Raw data:
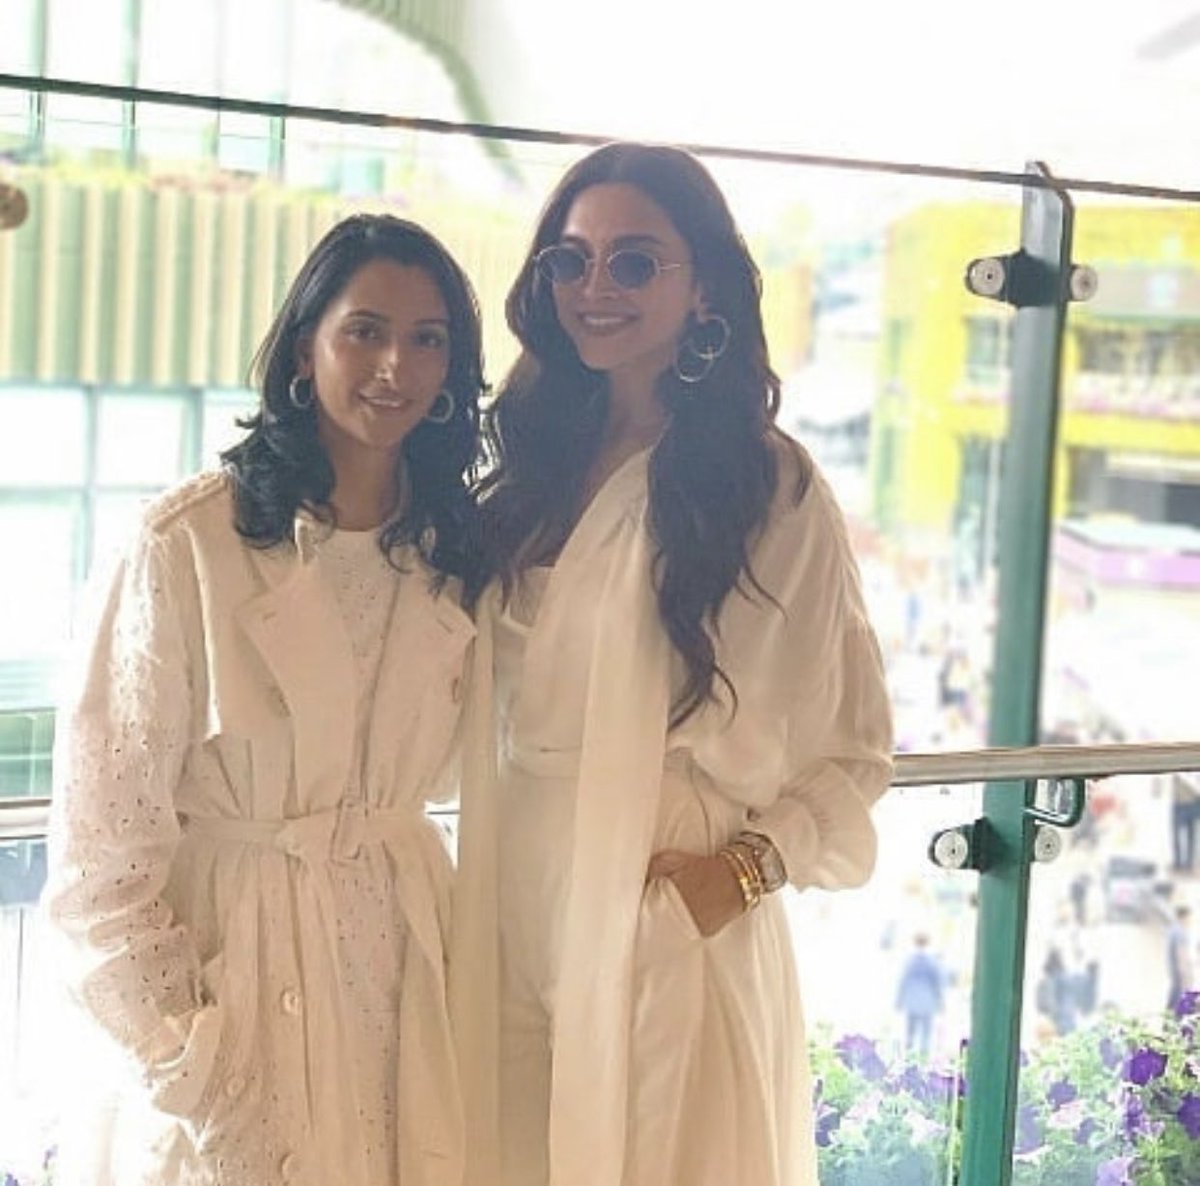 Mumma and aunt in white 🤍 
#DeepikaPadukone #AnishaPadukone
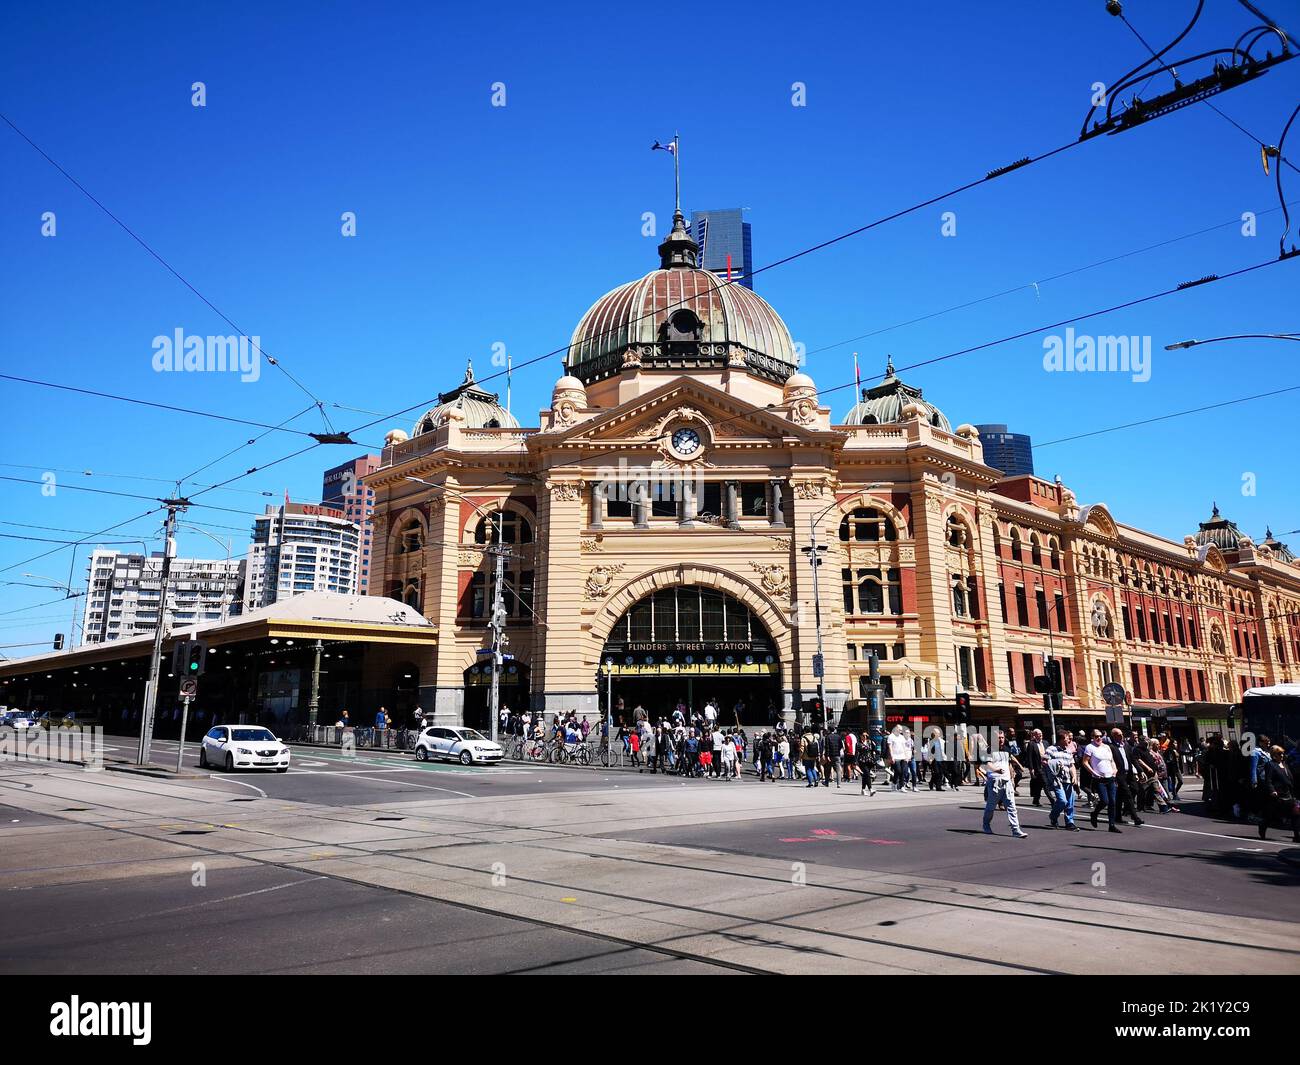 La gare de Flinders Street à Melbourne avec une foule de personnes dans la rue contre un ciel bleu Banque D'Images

The problem: Starting with the line that holds "#DeepikaPadukone #AnishaPadukone", reproduce exactly each line up to and including the last line of the material above, and drop the pictures.

Expected answer:
#DeepikaPadukone #AnishaPadukone
 La gare de Flinders Street à Melbourne avec une foule de personnes dans la rue contre un ciel bleu Banque D'Images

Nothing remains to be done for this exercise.